Tony Hawk's Pro Skater 1 und 2 ist darüber hinaus ziemlich vollgestopft mit freischaltbaren und teilweise per Ingame-Währung erwerbbarem Freischaltkram, der sich in etwas unübersichtlich gestalteten Menüs versteckt, darunter neue Outfits, Decks und Deck-Designs. Für jeden Charakter können zudem Zusatz-Slots für Spezialtricks geöffnet werden und vieles mehr. Dazu kommen noch umfangreiche Editoren für eigene Skaterinnen und Skater sowie ein Tool, mit dem ihr eigene Skateparks bauen könnt und das auch relativ intuitiv zu bedienen ist. Kurzum: Langweilig wird es mit den Remakes vermutlich nicht so schnell.
Spaßgarant Splitscreen-Modus
Zumal es auch eine umfangreiche Multiplayer-Komponente gibt. Online könnt ihr sowohl in lockeren Jams gegeneinander antreten, bei denen es mehr um den Spaß geht, im Wettkampf wird es dann gegen fortgeschrittene Spieler ernst. Leider gibt es keine Möglichkeit, eigene Spiele zu erstellen, diese Funktion wird aber möglicherweise noch im Laufe des Jahres nachgeliefert.
Für viele von euch dürfte ohnehin der Splitscreen-Modus interessanter sein, schließlich verbinden viele damit schöne Tony Hawk-Erinnerungen. Und natürlich ist auch dieses Mal ein Splitscreen für 2 Spieler an Bord, in dem ihr zwar mit einer reduzierten Framerate leben müsst, der aber trotzdem ein echter Garant für wahre Highscore-Schlachten auf der Couch ist.
Hochauflösende Nostalgie
Und natürlich verlieren wir zum Ende auch noch ein paar Worte über die Technik, denn wie es sich für ein 2020er-Remake gehört, erstrahlen sämtliche Kurse und Skater*innen in einem noch nie zuvor gesehenen Glanz.
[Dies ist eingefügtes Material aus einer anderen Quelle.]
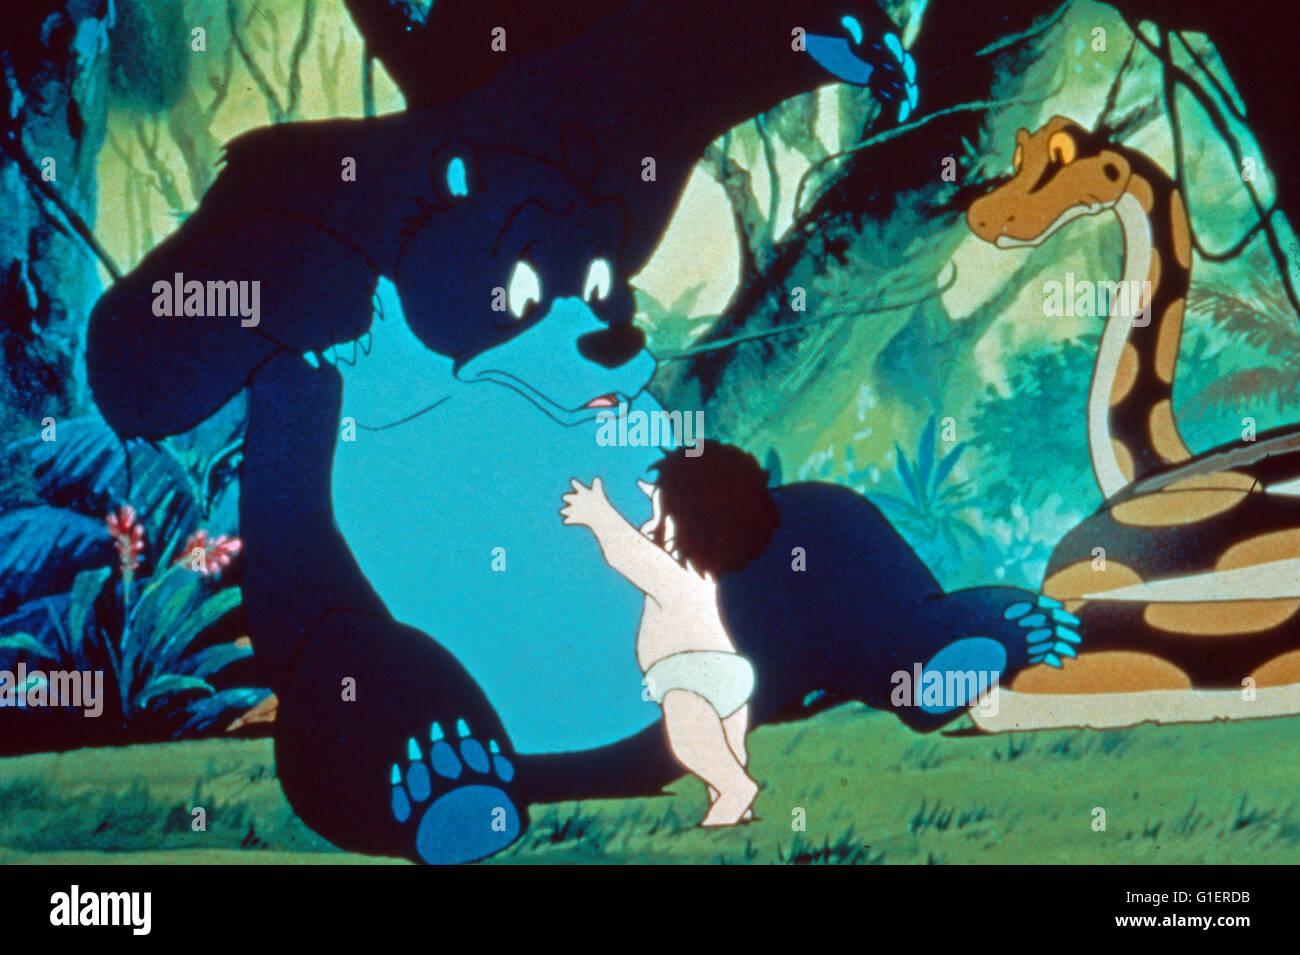 Jungle Book Shonen Mowgli, aka: Das Dschungelbuch, Zeichentrickserie, Japan 1989, Charakter: Mowgli, Bär Balu - Stock Image

Wo sich vor 20 Jahren Rampen, Rails und pixelige Umgebungsdetails noch aus einem Nebel schälten, gibt es jetzt bis in kleinste Details ausmodellierte Kurse mit scharfen Texturen, tollen Lichteffekten und hervorragenden Skater-Animationen.
Klar, gefühlt sah das schon vor 20 Jahren so aus, aber schaut mal ein paar YouTube-Videos und euch wird die Kinnlade runterfallen, wie viel besser die Remakes aussehen. Schade, dass es keinen Umschaltknopf wie etwa bei den Halo 1- und Halo 2-Remastern gibt.
Etwas kurios dabei: Durch die höhere Detaildichte sind manche Missionsziele wie die Glocken im Schullevel schwieriger zu erkennen, aber das ist ebenso wie die Clipping-Fehler höchstens eine unschöne Randnotiz. Gerade heute fällt allerdings auch auf, wie leer und leblos die Level sind, denn bis auf ein paar Objekte wie Taxen oder Straßenbahnen bewegt sich in den Remake-Levels sehr wenig.
Dass es trotzdem fast zur Technik-Bestnote reicht, liegt am hervorragenden Soundtrack, der ebenso zum Tony Hawk-Spielgefühl dazugehört wie die Komboketten. Und spätestens wenn Goldfingers "Superman" aus den Boxen dröhnt, ist klar: Ja, das hier ist wie früher. Nur in schöner.
Auch für Switch?
Eine Version für die Nintendo-Konsole ist bislang noch nicht angekündigt, Data-Miner haben in der kürzlich veröffentlichten Demo-Version allerdings Steuerungsoptionen für die Switch gefunden. Eine nachträgliche Veröffentlichung ist dementsprechend nicht unwahrscheinlich.